◆ **Goal of the exercise**:
Without any pictures, reproduce exactly the lines running from the line containing "TimemoreのSculptorに064SSPの設定が追加されていました👀" through the end of the entries.

Extracted data entries:
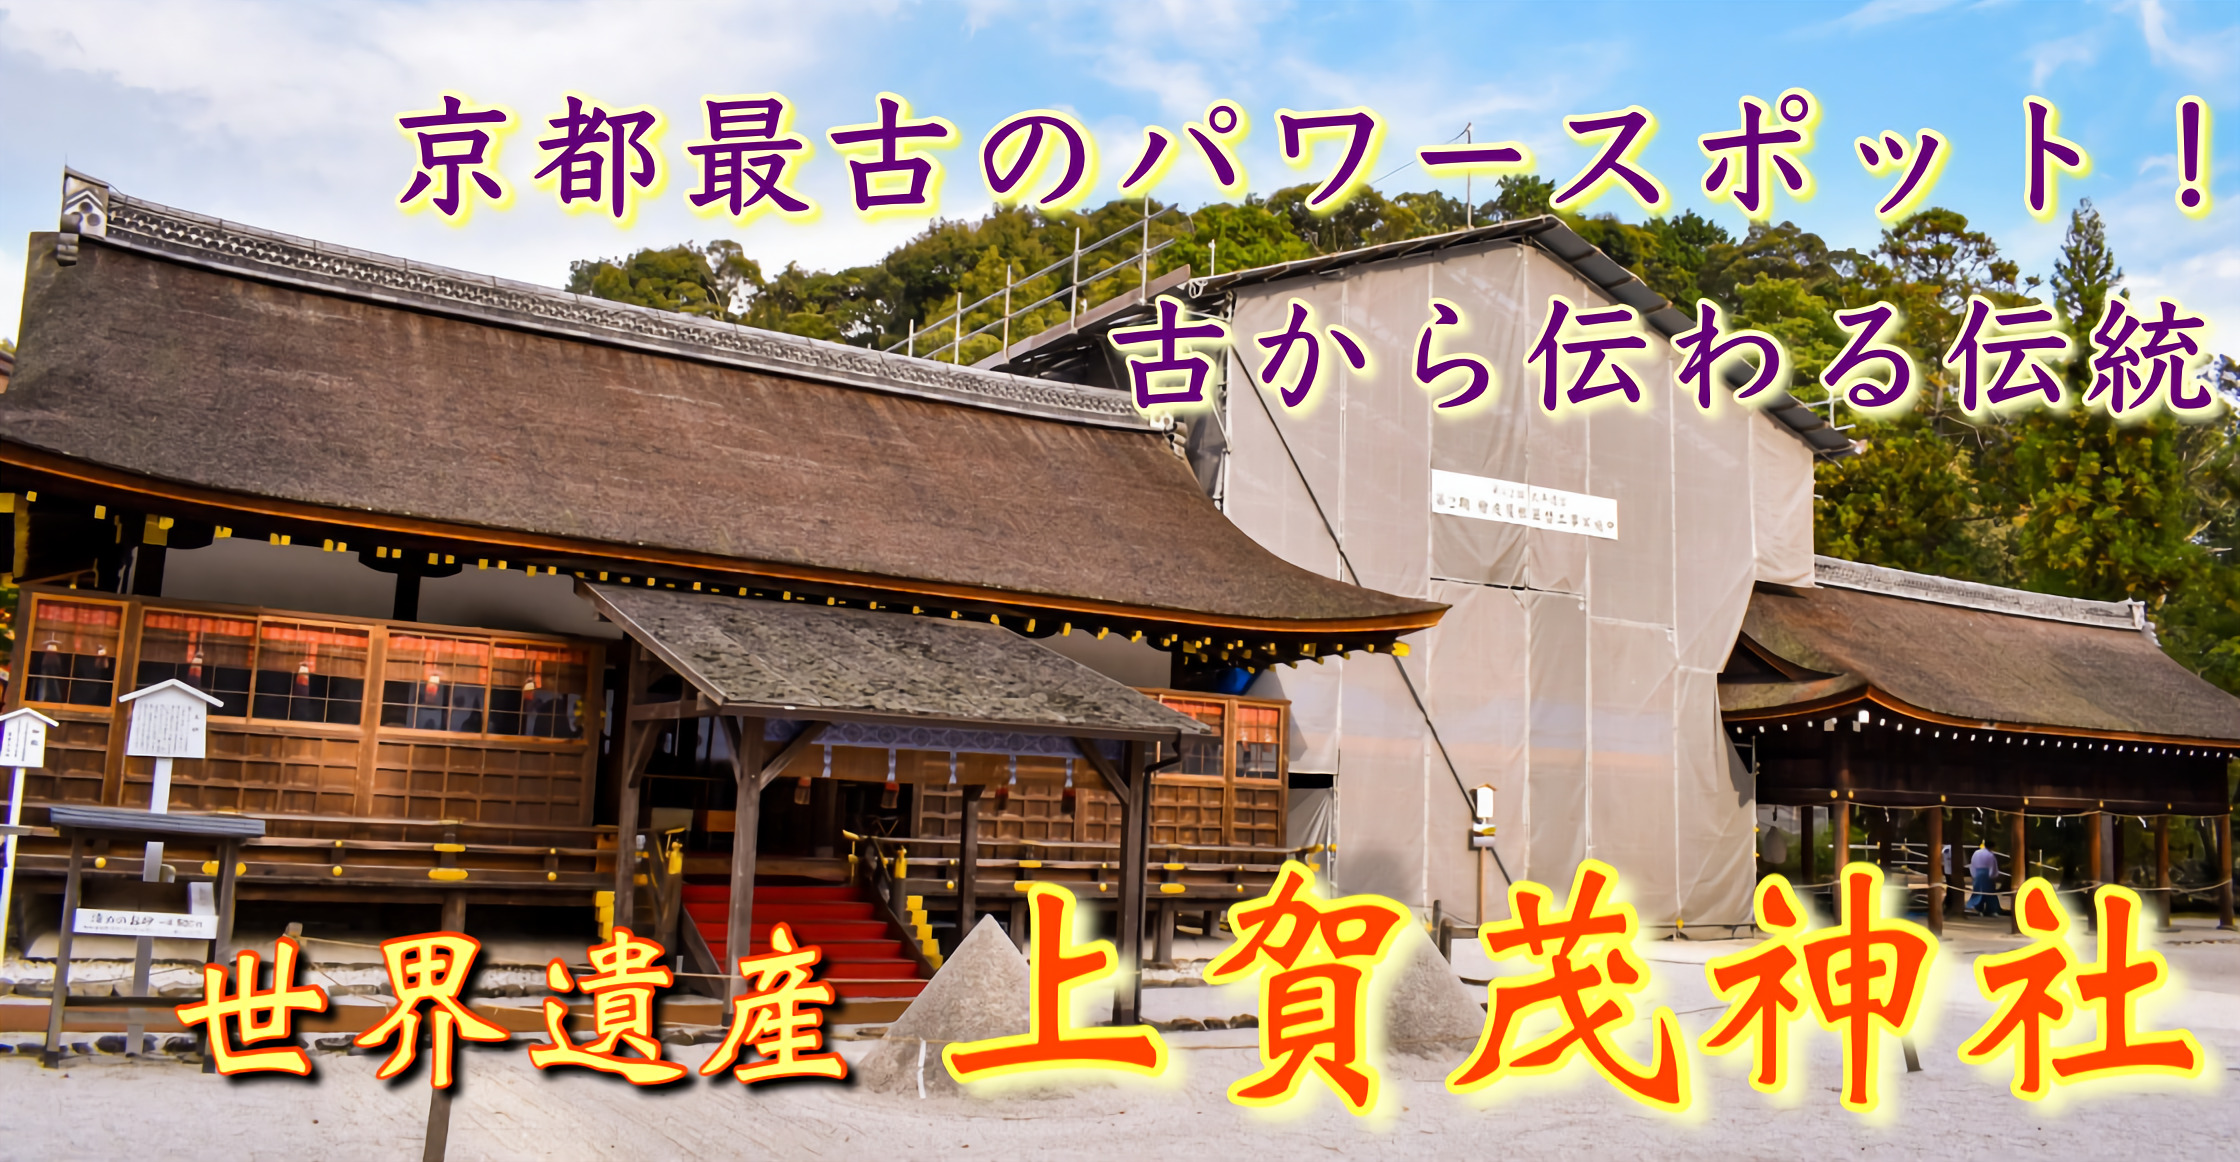 京都旅行21 上賀茂神社の観光案内 京都最古の歴史を誇る最強パワースポット賀茂別雷神社 旅狼 たびろう どっとこむ
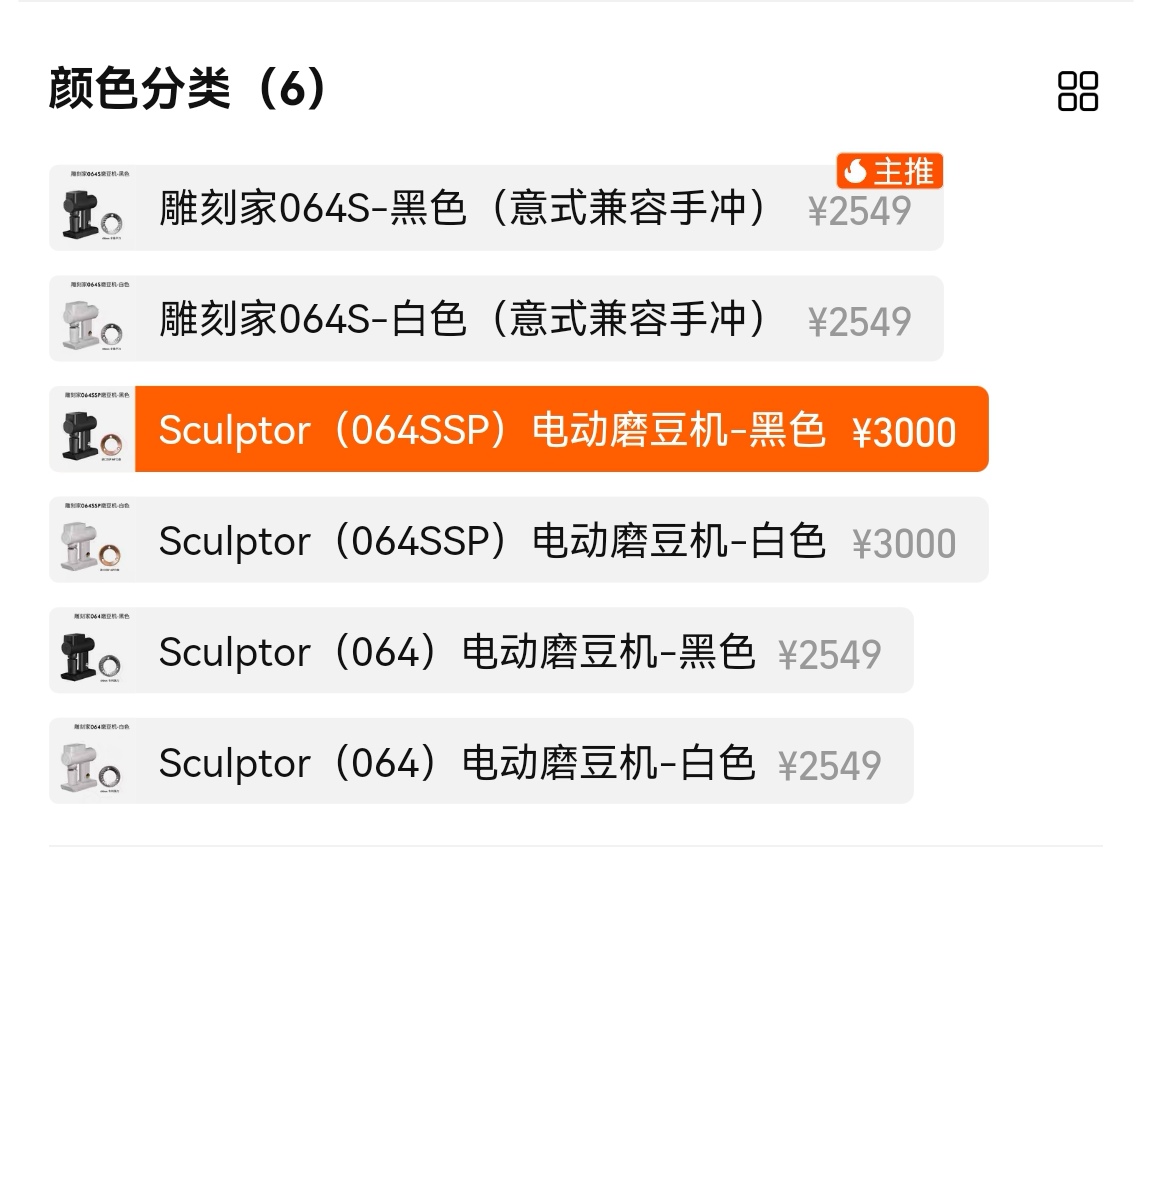 TimemoreのSculptorに064SSPの設定が追加されていました👀
(multi-purpose)

6月の中国のプラットフォームのセールが前倒しで始まっている模様で、lagom casaは発売までまだ4-6週間かかるみたいなので間に合わなそう...
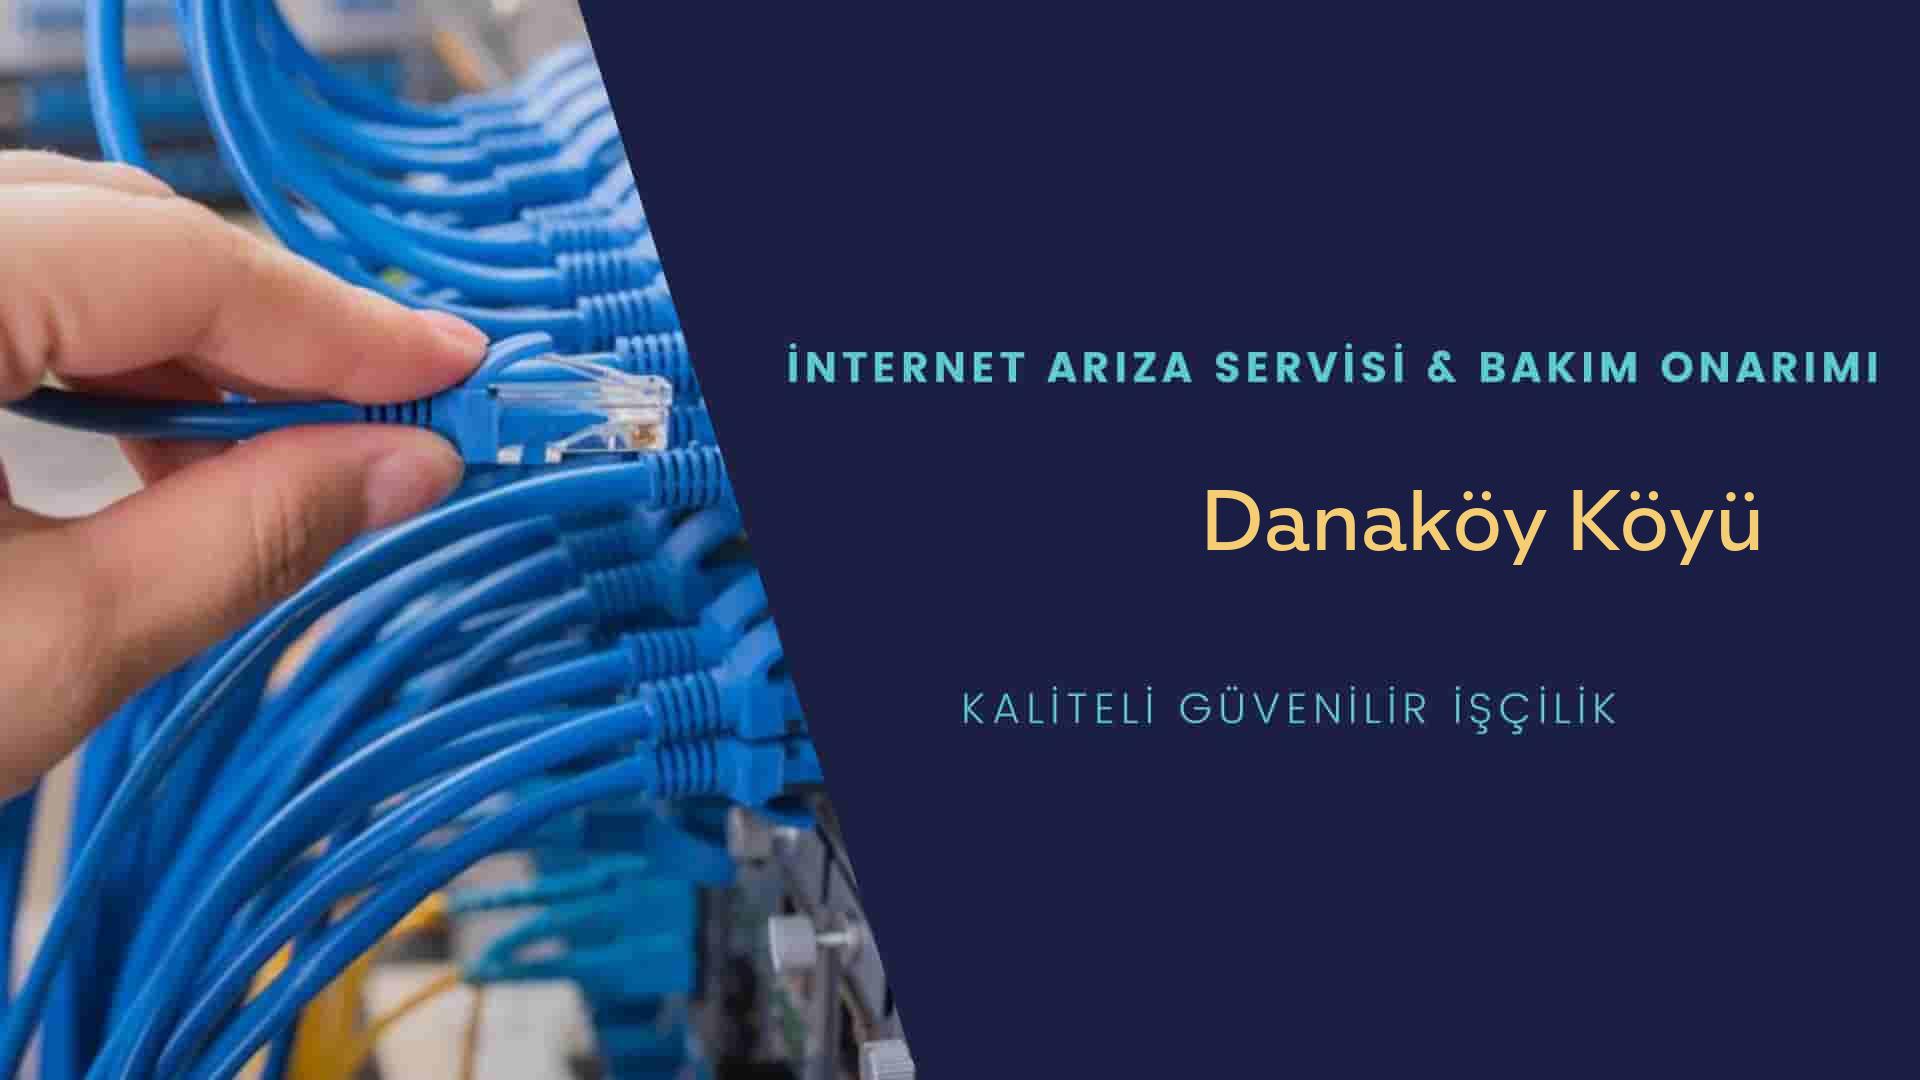 Danaköy Köyü internet kablosu çekimi yapan yerler veya elektrikçiler mi? arıyorsunuz doğru yerdesiniz o zaman sizlere 7/24 yardımcı olacak profesyonel ustalarımız bir telefon kadar yakındır size.
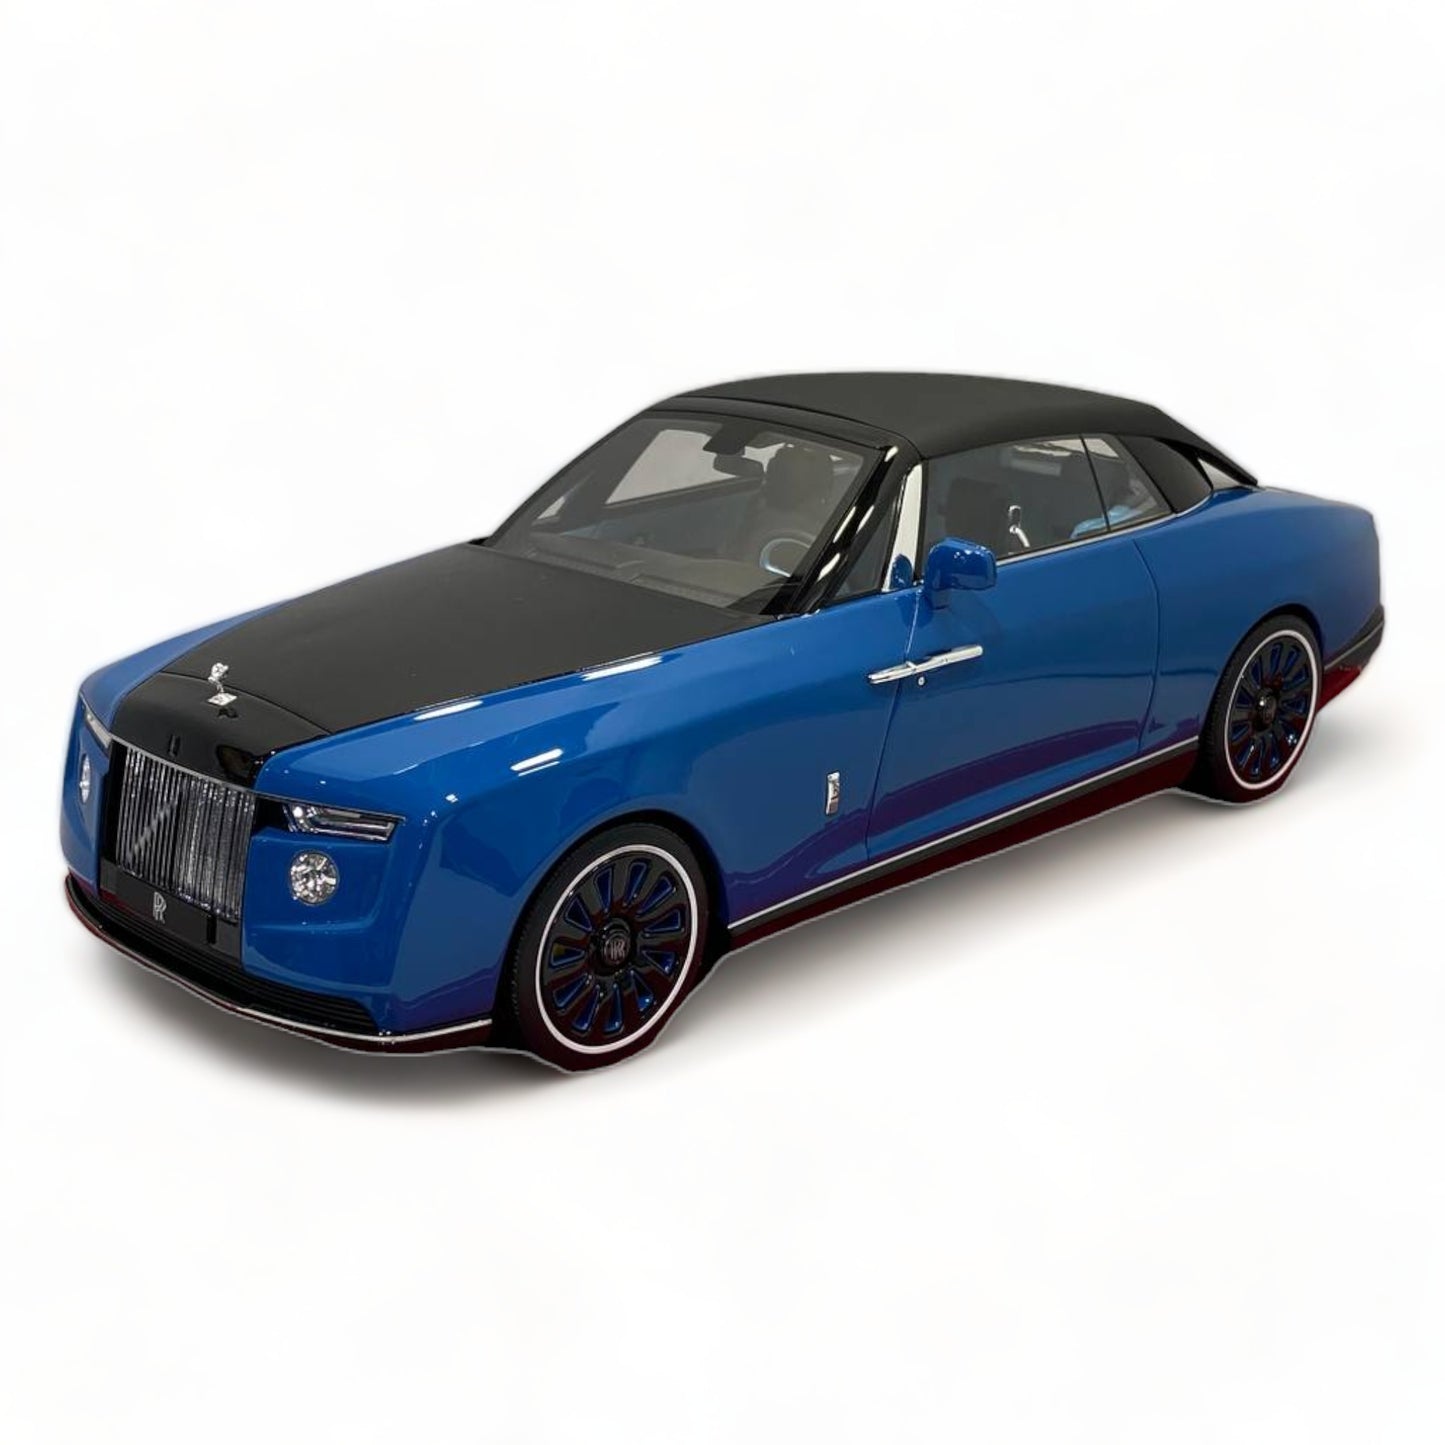 1/18 Rolls-Royce BOAT TAIL Blue Scale Model Car|Sold in Dturman.com Dubai UAE.

◆ **Task answer**:
 TimemoreのSculptorに064SSPの設定が追加されていました👀
(multi-purpose)

6月の中国のプラットフォームのセールが前倒しで始まっている模様で、lagom casaは発売までまだ4-6週間かかるみたいなので間に合わなそう...
 Danaköy Köyü internet kablosu çekimi yapan yerler veya elektrikçiler mi? arıyorsunuz doğru yerdesiniz o zaman sizlere 7/24 yardımcı olacak profesyonel ustalarımız bir telefon kadar yakındır size.
 1/18 Rolls-Royce BOAT TAIL Blue Scale Model Car|Sold in Dturman.com Dubai UAE.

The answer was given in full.